What carries the argument

The FMECA framework, which organizes risk assessment around a taxonomy of 14 failure modes together with adapted scales for occurrence, severity, and detectability to calculate criticality.

If this is right

  • The framework supplies a proactive, standardized process for identifying clinically relevant risks in AI-generated clinical text before such tools enter routine use.
  • Application to real discharge summaries shows the method can be used by reviewers to annotate outputs consistently across rounds.
  • Good inter-rater agreement on severity and detectability scores supports its use for comparing risks across different LLMs or prompts.
  • High usability ratings indicate the framework can be adopted by interdisciplinary teams without extensive additional training.
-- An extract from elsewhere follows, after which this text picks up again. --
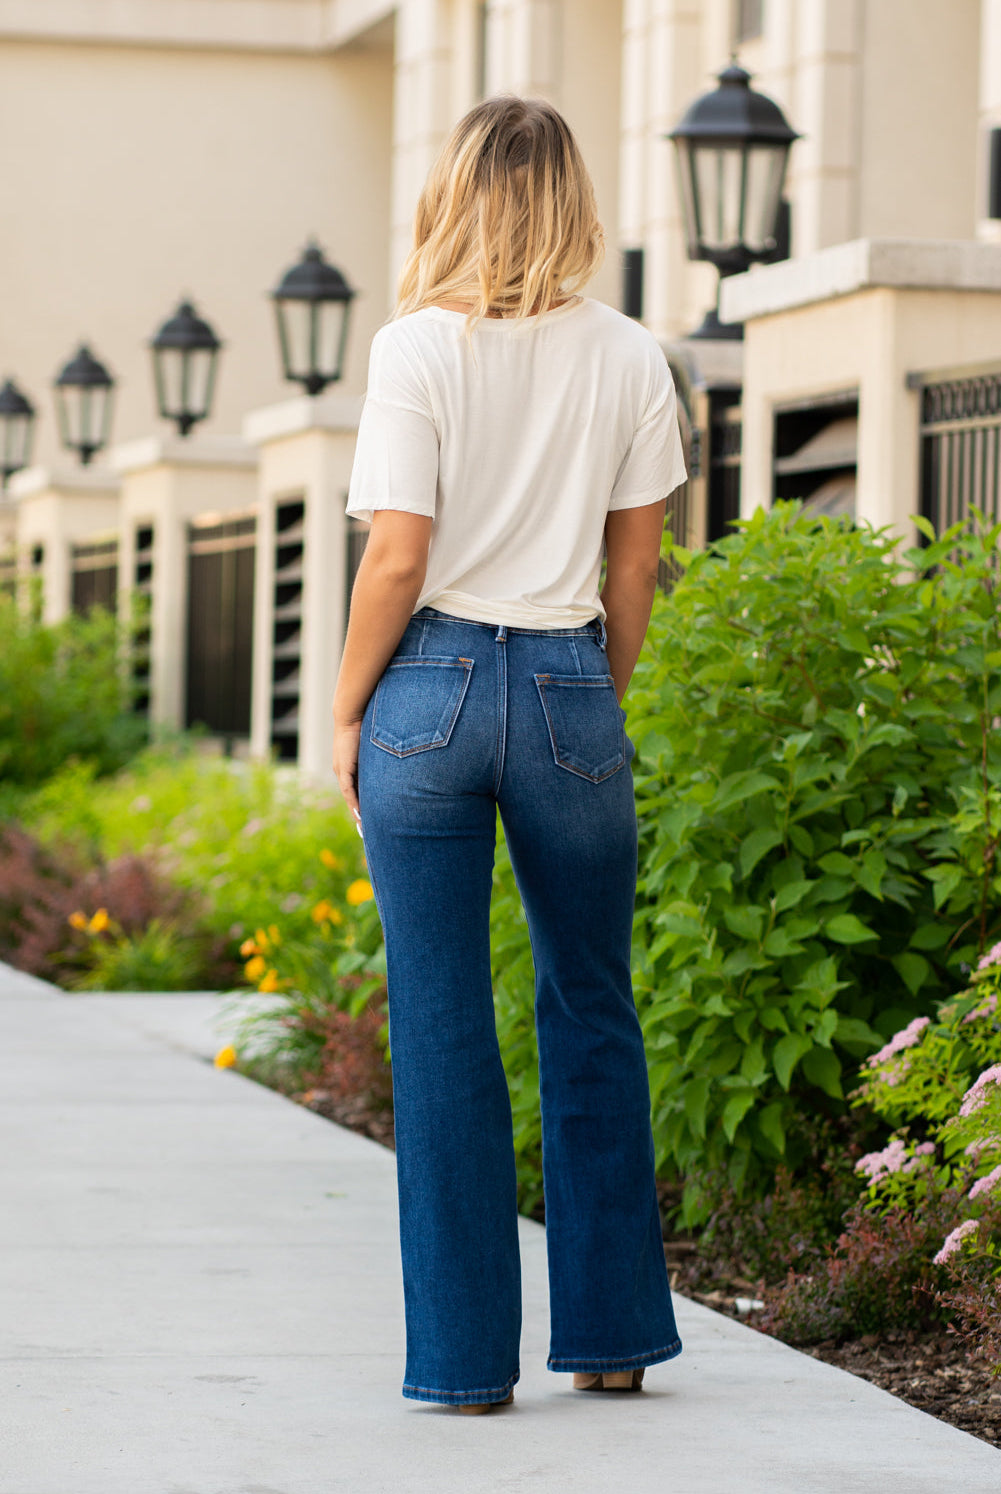 KanCan Jeans  You will love the way these flare cuts fit your curves. Dress up with heels and a cute flutter sleeve top for a night out.  Collection: Spring 2021 Color: Medium Blue Cut: Flare Cut, 34" Inseam Rise: High-Rise, 11" Front Rise 93% COTTON 5% POLYESTER 2% SPANDEX Stitching: Classic Fly: Zipper Style #: KC9248M Contact us for any additional measurements or sizing.

Where Pith is reading between the lines

These are editorial extensions of the paper, not claims the author makes directly.

  • Hospitals could embed the framework into pre-deployment checks for any generative AI tool that produces clinical text.
  • The same failure-mode approach might be extended to other LLM outputs such as diagnostic reasoning or treatment recommendations.
  • Periodic re-application of the framework could track how risks evolve as newer LLM versions are released.
  • Automating parts of the failure-mode detection step could make the method scalable for large volumes of generated content.

Load-bearing premise

The 14 failure modes identified by the expert panel capture all relevant patient safety risks in LLM-generated clinical content and the adapted 5-point scales are valid and reliable for this new domain.

What would settle it

A follow-up study in which the framework is applied to additional LLM summaries yet misses failure modes that later lead to documented patient harm, or in which separate expert panels produce substantially different sets of failure modes.

read the original abstract

Objectives: Large language models (LLMs) are increasingly used for clinical text summarization, yet structured methods to assess associated patient safety risks remain limited. Failure Mode, Effects, and Criticality Analysis (FMECA) provides a proactive framework for systematic risk identification but has not been adapted to LLM-generated clinical content. This study aimed to develop and validate a novel FMECA framework for the prospective assessment of patient safety risks in LLM-generated clinical summaries. Materials and Methods: An interdisciplinary expert panel (n = 8) developed a taxonomy of failure modes through literature review and brainstorming. Standard FMECA dimensions (occurrence, severity, detectability) were adapted into 5-point ordinal scales. The framework was applied to 36 discharge summaries from four patients, generated by an open LLM (GPT-OSS 120B) using real-world clinical data from the Geneva University Hospitals. Reviewers independently annotated the summaries across two rounds. Inter-rater reliability was assessed at failure mode, severity and detectability score levels. Usability and content validity were evaluated using an adapted System Usability Scale and structured feedback. Results: The final framework comprised 14 failure modes organized into categories. Inter-rater agreement improved between rounds, reaching moderate-to-substantial agreement for failure mode identification and good agreement for severity and detectability scoring. Usability was rated as good (mean SUS: 79.2/100), with high evaluator confidence. Discussion and Conclusion: This study presents the first FMECA-based framework for systematic patient safety risk assessment of LLM-generated clinical summaries. The framework provides a structured and reproducible method for identifying clinically relevant risks caused by these summaries.

Editorial analysis

A structured set of objections, weighed in public.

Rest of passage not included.